For those who want to save some time listening to certain podcasts yet who don’t want the distortion that comes with 1.5x or even 2x speeds, Smart Speed is a happy medium. All of your shows will be shorter, but you likely won’t be able to tell any difference in listening quality. This feature is especially helpful for FM radio based shows where there is often silence from callers and other random pauses.
More than Smart Speed, I appreciate Marco’s leveraging his coding skill such that Overcast does not rely on Core Audio
for processing the podcast audio content. I routinely listen at speeds up to 1.83x, and on ‘regular’ podcast apps, audio sped up to that extent sounds horrible, due to Core Audio
limitations.
Still, as the Chambers notes, there are some things that Overcast doesn’t do as well as its competitors. I’m of the opinion that Castro by Supertop, is a much better looking app. The UI transitions and animations are definitely likable, a word somebody important threw around from time to time.

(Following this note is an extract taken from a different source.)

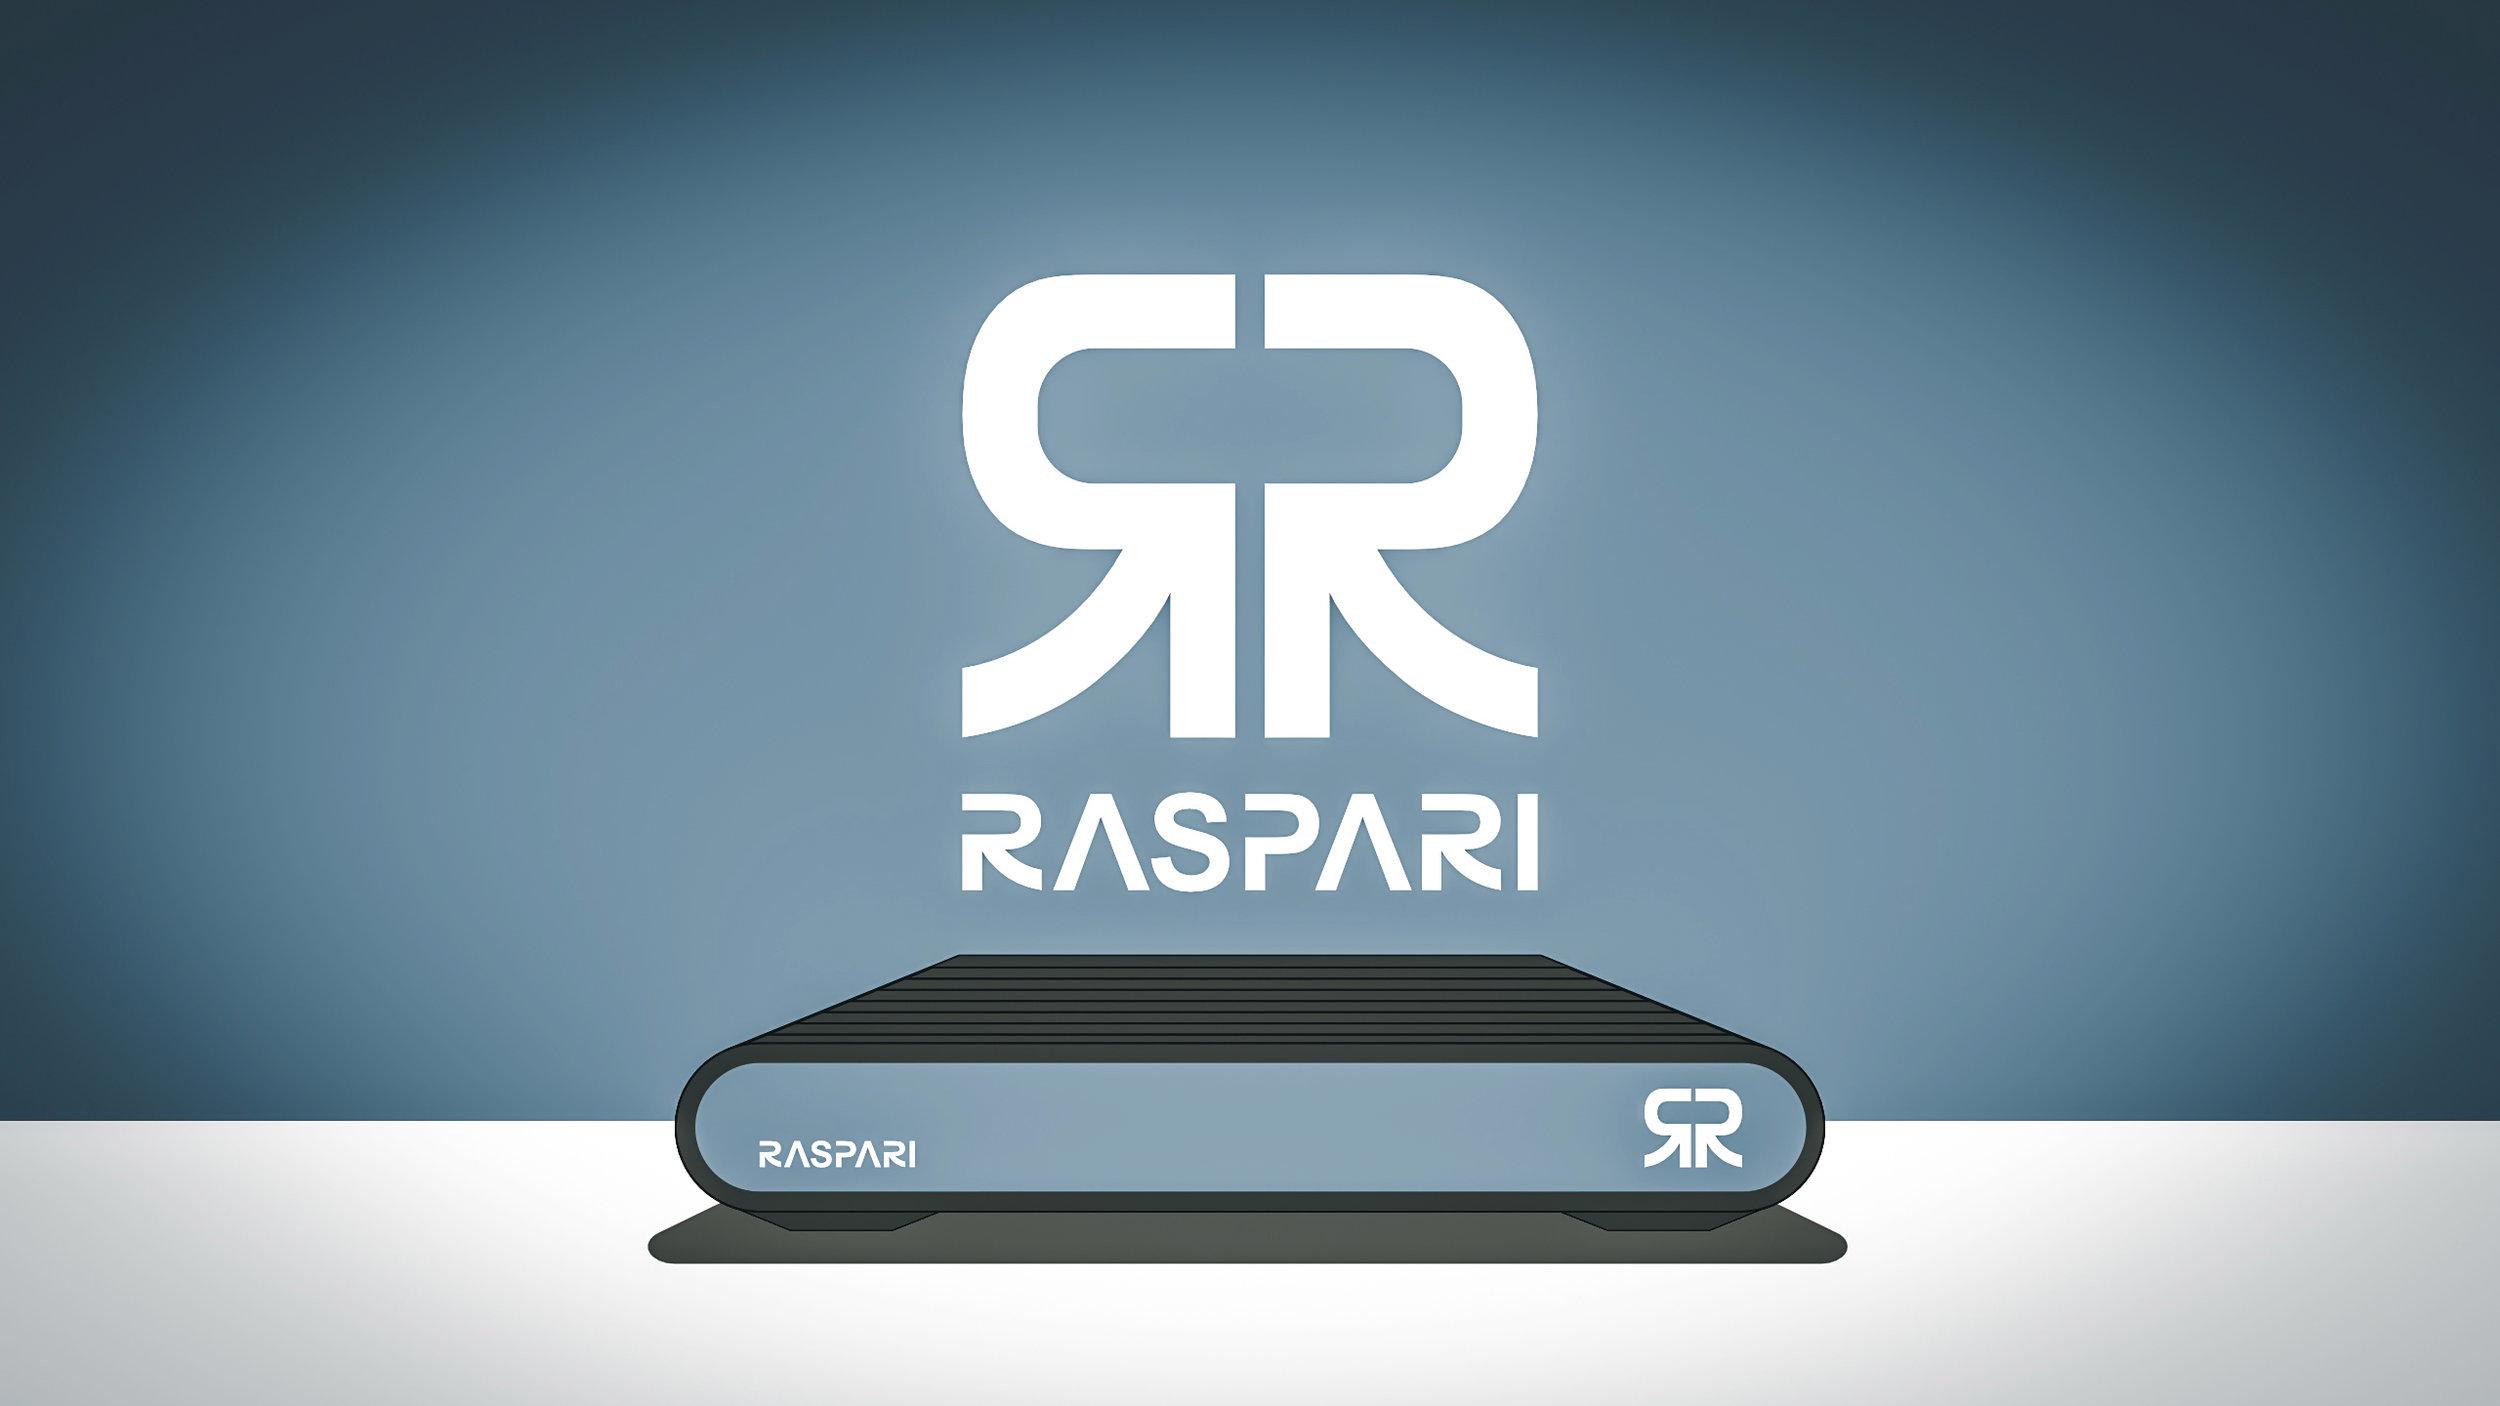 Raspari_Splashscreen.jpg
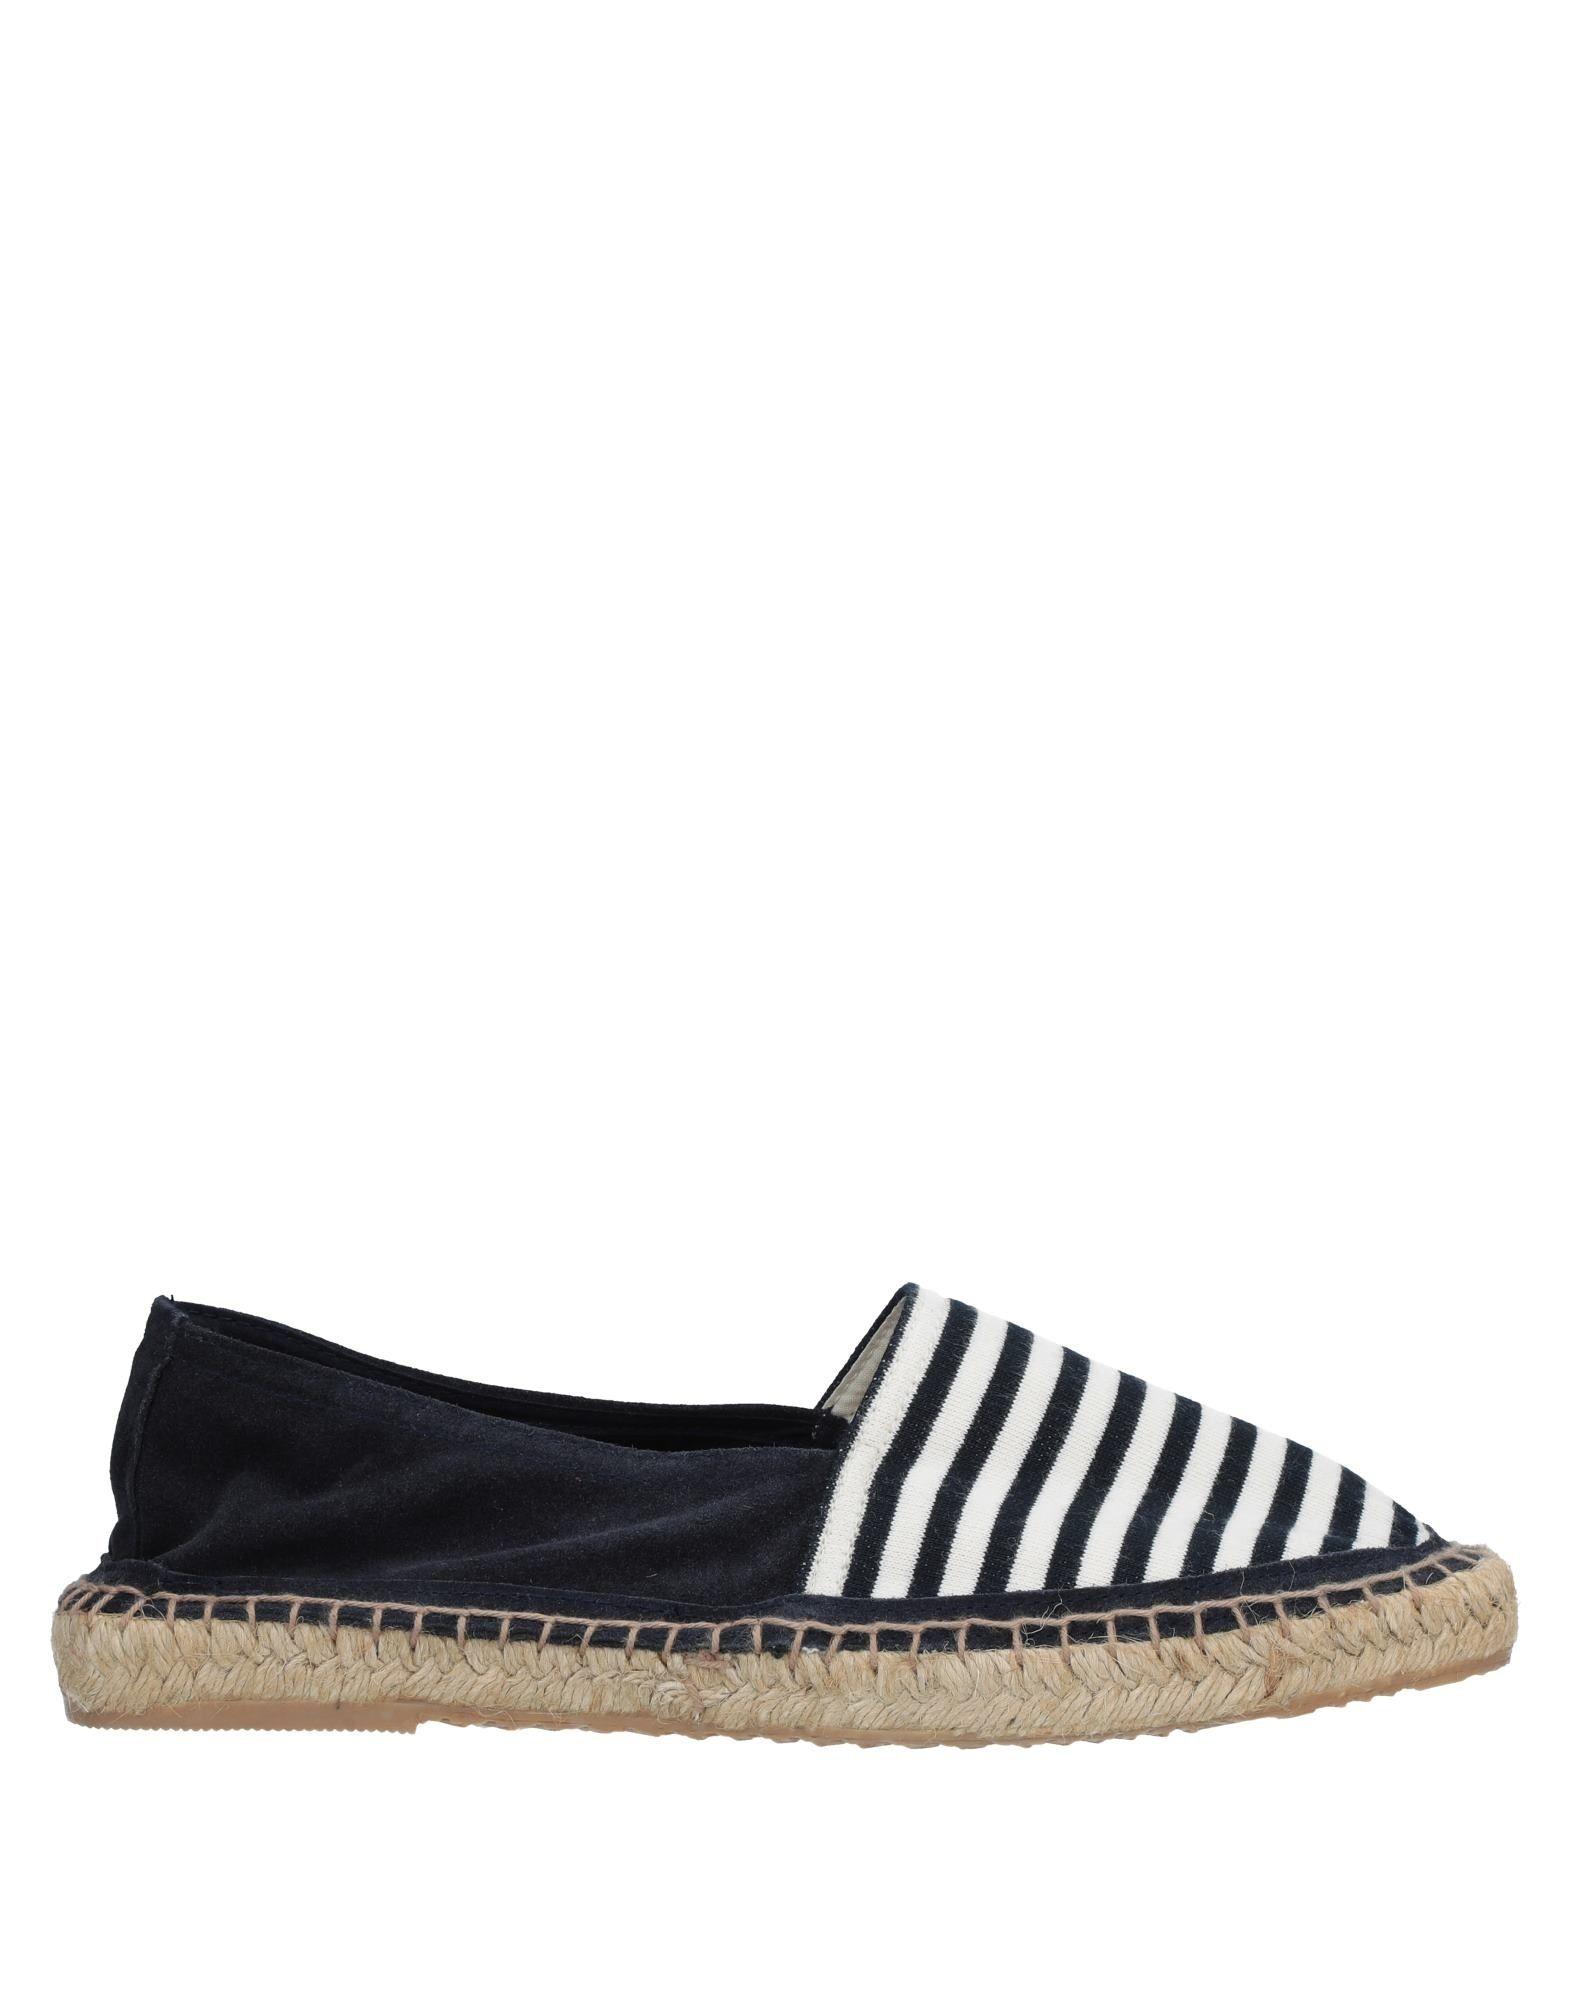 Daniele 11101552AK Alessandrini Espadrilles Herren  11101552AK Daniele Gute Qualität beliebte Schuhe 44ef04

Castro was so visibly impressive that I quickly forewent the extra options like playlists and per-podcast preferences that Pocket Casts offered, and tried out Supertop’s app.
But at the end of the day, the audio experience is what matters. It’s a podcast app, not a reading app. And the best audio on any podcast app is Overcast. It is indispensable for my podcast experience, because no other app comes close to delivering the audio experience that Overcast does.